What the task asks
Write out exactly the lines below from the one containing "Mikael Nielsen, som" to the last, both ends kept, and nothing more; skip all pictures.

Information shown
• • • •

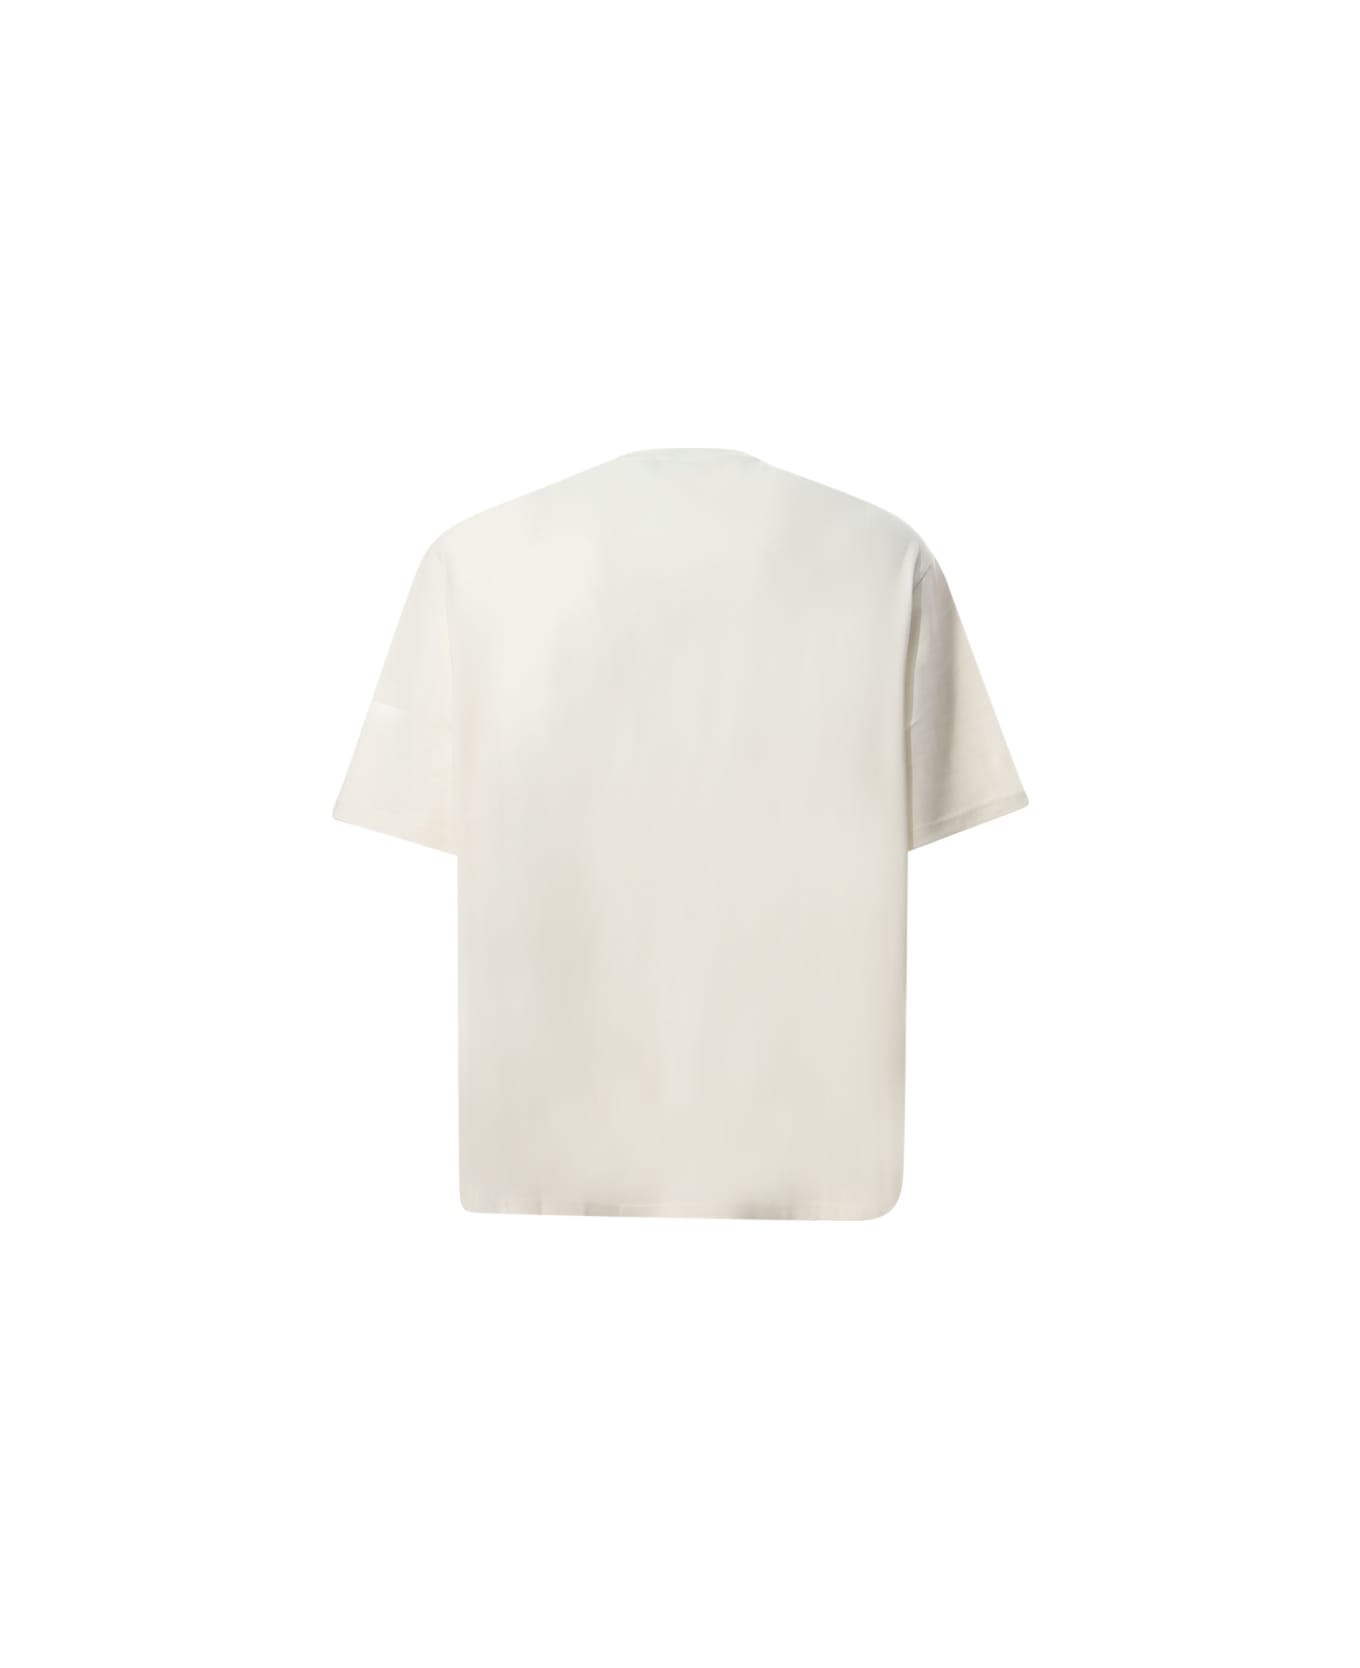 Emporio Armani T-shirt Emporio Armani - White シャツ
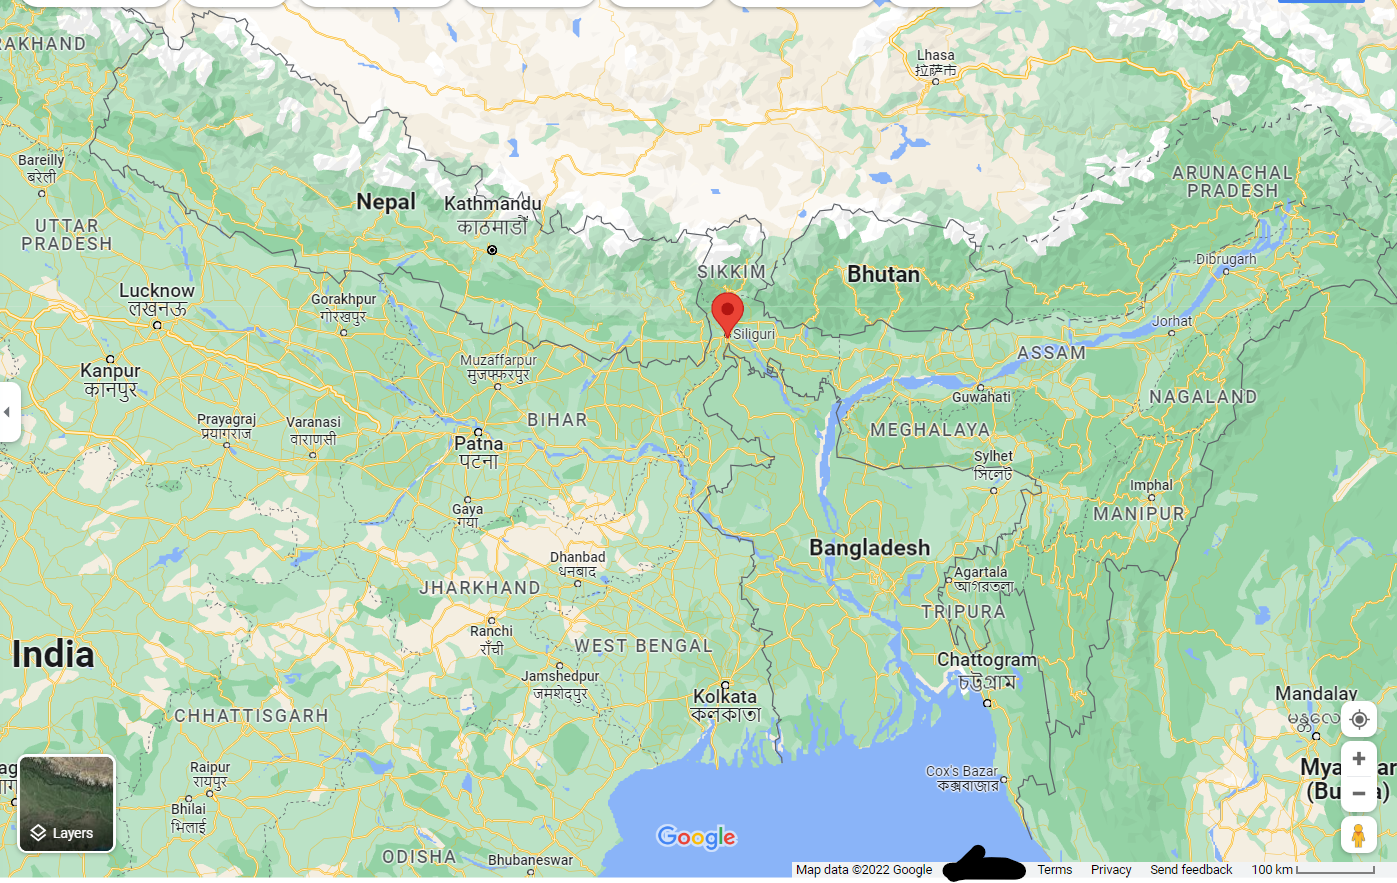 https://www.google.com/maps/place/Siliguri,+West+Bengal,+India/@25.8220123,84.665501,6.43z/data=!4m5!3m4!1s0x39e44114f5441dcd:0xdeb5c4702063edff!8m2!3d26.7271012!4d88.3952861
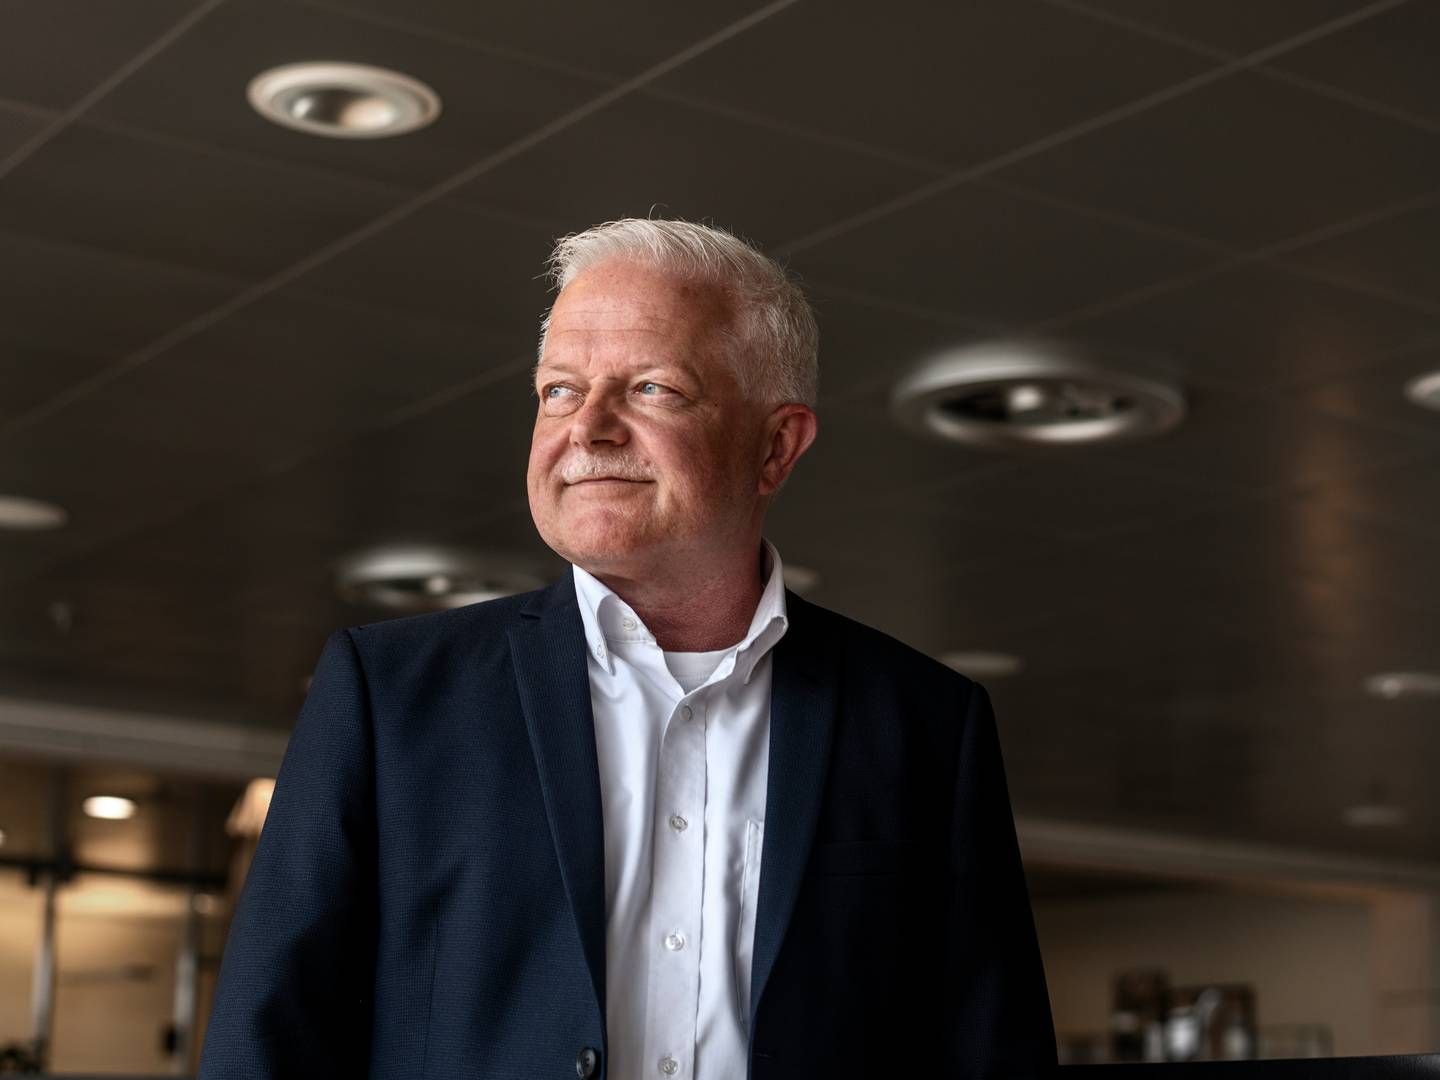 Mikael Nielsen, som er retaildirektør og en del af direktionen, har været ansat i Jysk-koncernen siden 1988. | Foto: Marie Ravn
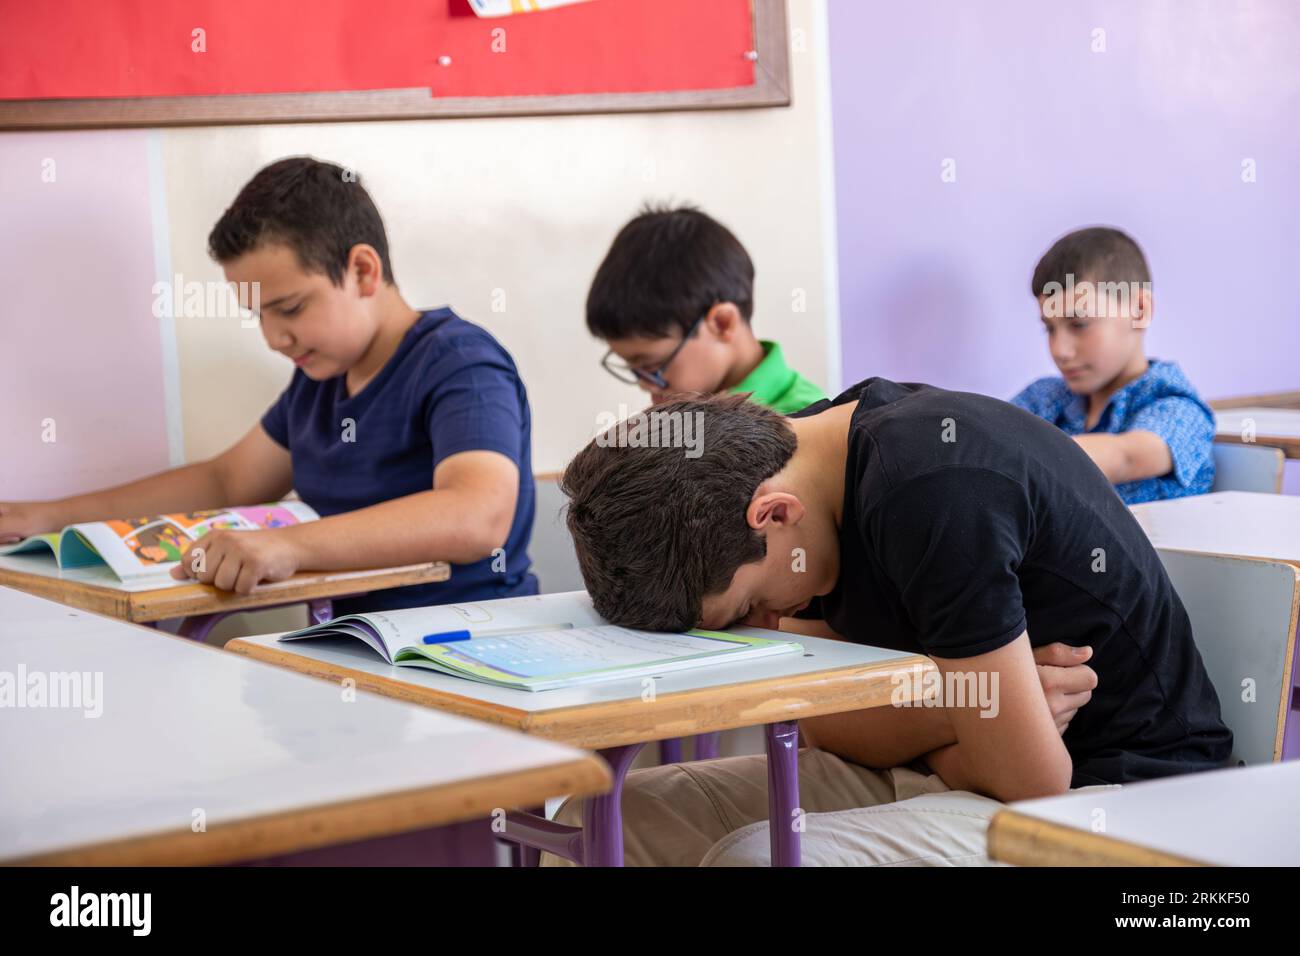 Uno studente che mette la testa sulla scrivania, sembra non sentirsi bene o non dormire Foto Stock

• • • •

Solved exercise
 Mikael Nielsen, som er retaildirektør og en del af direktionen, har været ansat i Jysk-koncernen siden 1988. | Foto: Marie Ravn
 Uno studente che mette la testa sulla scrivania, sembra non sentirsi bene o non dormire Foto Stock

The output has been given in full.